Yes — the trigger return spring is the most overlooked cause. A weakened or partially seated spring lets the trigger arm catch and release unevenly as it travels, which produces a curve with brief flat regions or visible wobble even though the sensor itself is fine. You can usually feel a bad spring: the trigger feels slightly notchy or fails to return fully on its own. The fix is to open the controller, check that the spring is correctly seated in its pivot pocket, and replace it if it has lost tension. Replacement springs cost a couple of dollars and are part of most trigger module kits, so a single parts order usually covers either fix.

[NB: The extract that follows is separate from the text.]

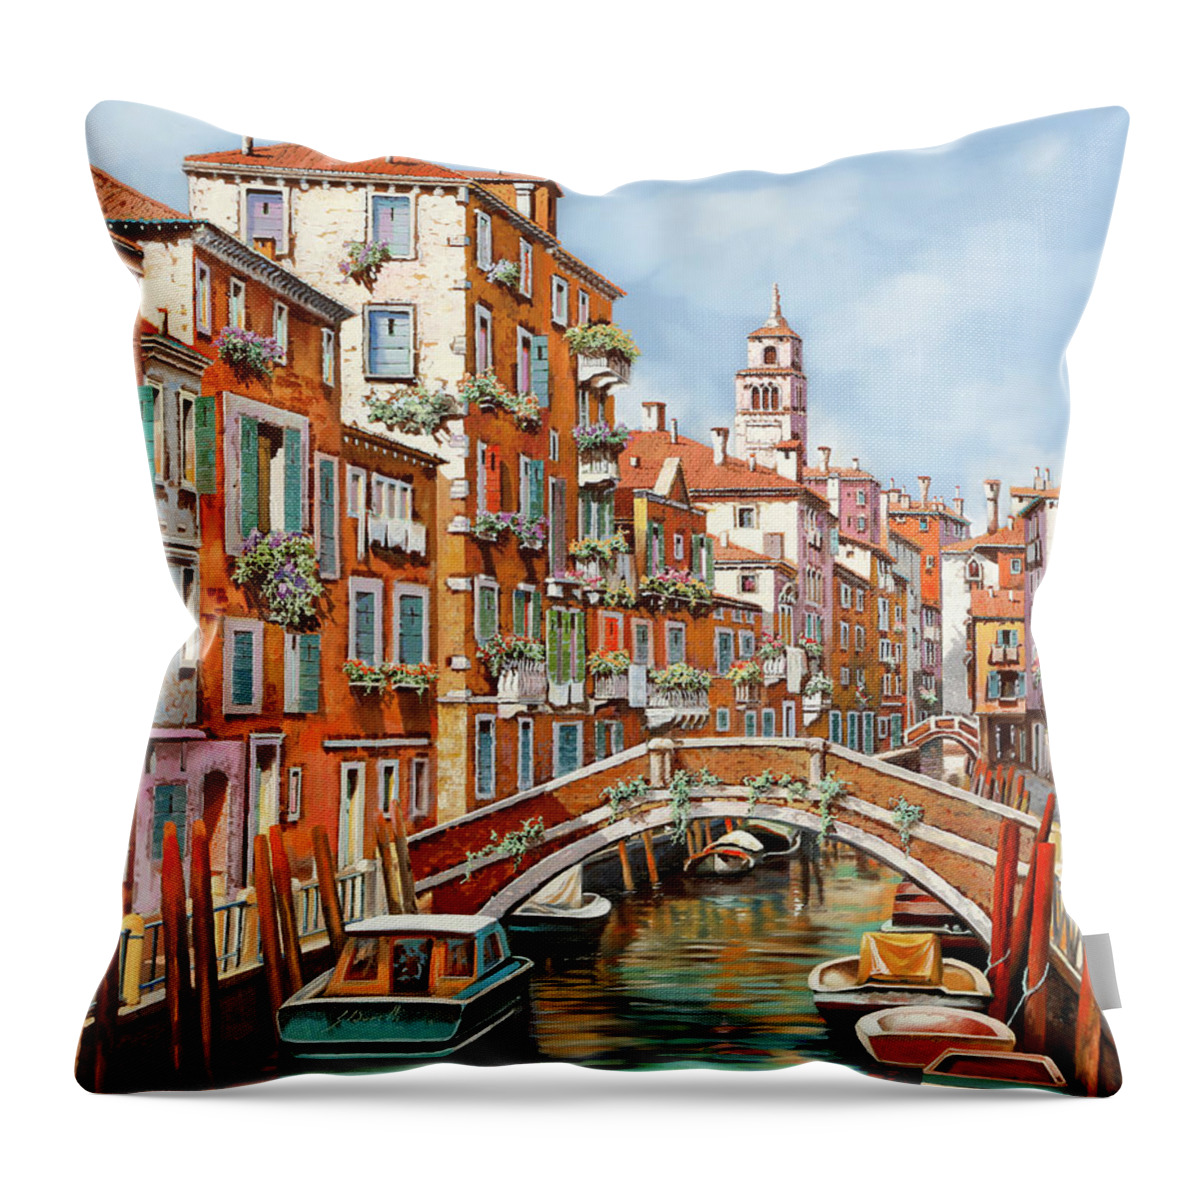 Venezia Throw Pillow featuring the painting Tanta Venezia by Guido Borelli
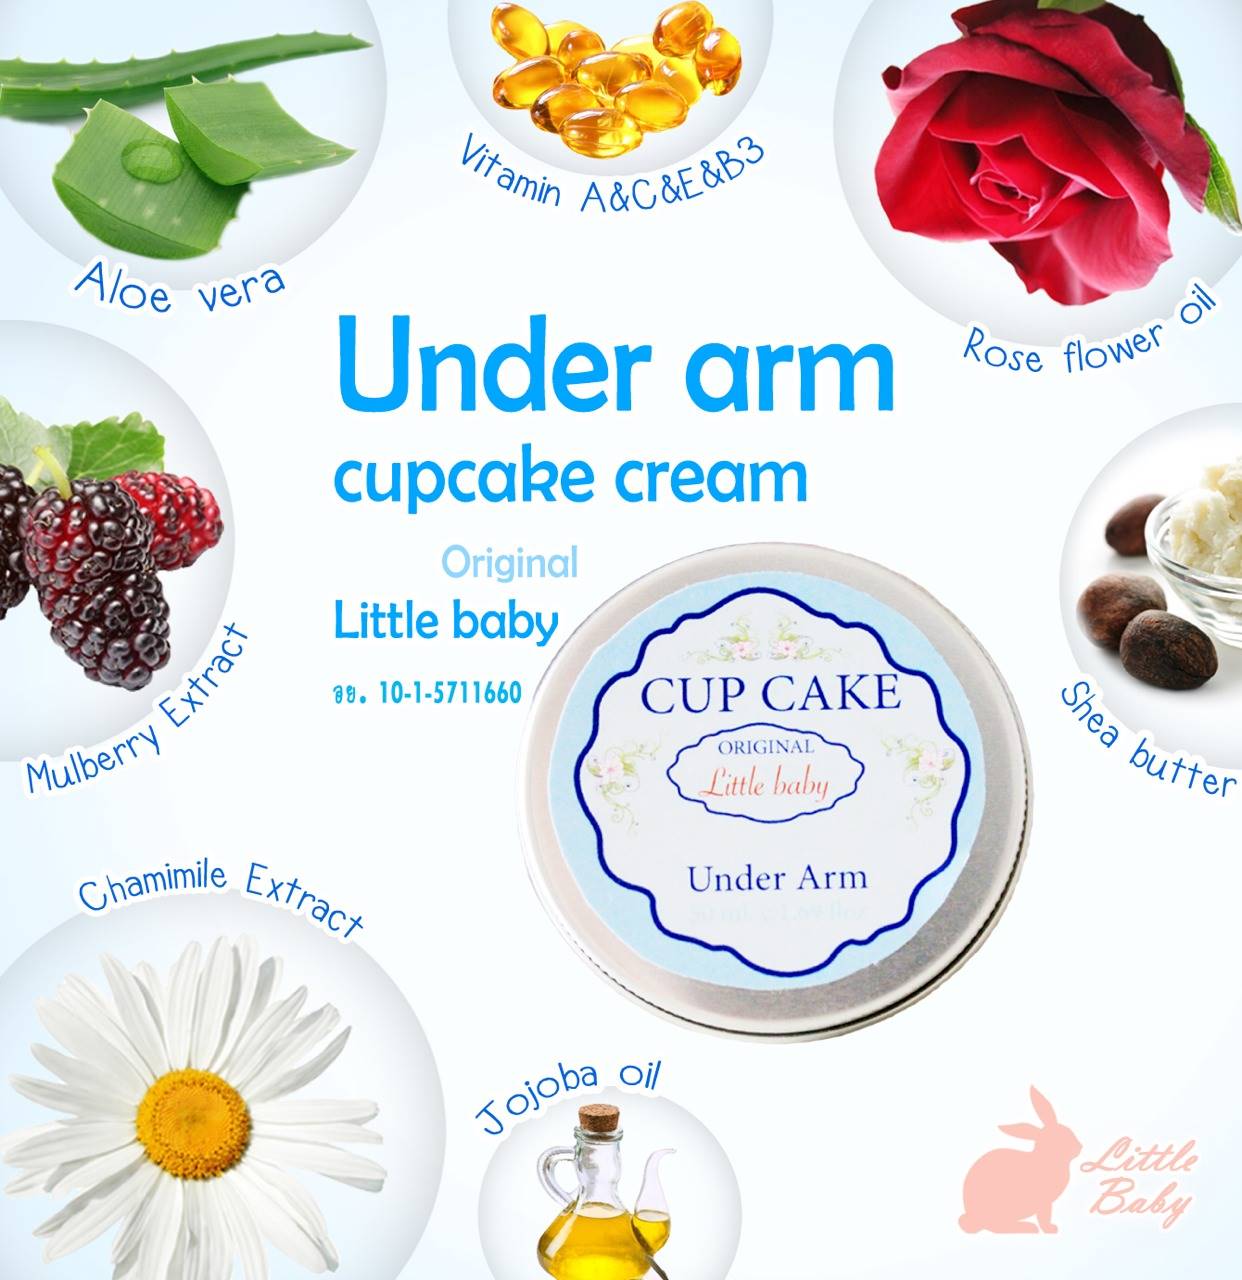 ปัญหารักแร้ดํา, รักแร้ดํา, รักแร้ดํา pantip, รักแร้ดํา หนังไก่, รักแร้ดํา ใช้อะไรดี, รักแร้ดํา ทำไงดี, พาสเจล, พาสเจล รักแร้, พาสเจล รักแร้ขาว, Cup Cake Under Arm, Under Arm  Cupcake cream, Cup Cake cream

No. The score compares the shape of your pull against an ideal linear line scaled to your peak value, so a slow clean pull and a fast clean pull produce the same result. What pull speed does affect is the visual readability of the trace on the graph — a very fast pull compresses the trace into the left side of the graph and makes stepping harder to see at a glance, while a slow pull spreads it across the full width. For diagnostic confidence, especially when looking for small plateaus, deliberately slow pulls are easier to read visually. The score itself is unchanged.

The Switch Pro Controller works as long as the browser detects it — connect it over USB or pair via Bluetooth and the trigger picker should respond. The catch is that the Switch Pro's ZL and ZR are digital triggers, not analog ones. They report as 0 or 1 with nothing in between, so the linearity test isn't meaningful — the curve will look like a vertical line jumping from rest to fully pressed. Joy-Cons have no analog triggers at all; their ZL and ZR are also pure digital buttons. The test is built for controllers with proper analog triggers: DualShock 4, DualSense, Xbox One, Xbox Series, and most modern third-party PC pads.

Heavy-use triggers — R2 or RT on a pad used mainly for shooters or racing — typically start showing measurable wear at around 12 to 18 months of daily play, and serious degradation at the two-year mark. Light-use triggers can stay clean for the full lifetime of the controller. The wear is mechanical and proportional to use, so a pad that mostly plays platformers will outlast one that mostly plays Call of Duty or Forza by a factor of two or three on trigger life specifically. Hall-effect triggers don't follow this curve at all — the sensor reads the same after five years as it did on day one because there is no physical contact between the moving and the sensing parts.

The honest answer depends on the rest of the controller. A pad where only one trigger has gone is well worth a five to fifteen dollar replacement module and a 20-minute swap — you keep the pad you're used to, including any stick precision and button response you've trained on. A pad where multiple components are degrading — both triggers, stick drift, a sticky face button — is approaching end of life regardless, and replacement is the rational call. If you're going to replace, look at controllers shipping with Hall-effect triggers from the factory; the cost difference is small and the trigger wear cycle ends. For a pad still under manufacturer warranty, the path is always claim first, repair later — manufacturers replace pads under warranty without charge and the support process is usually fast once you have screenshot evidence of the failure.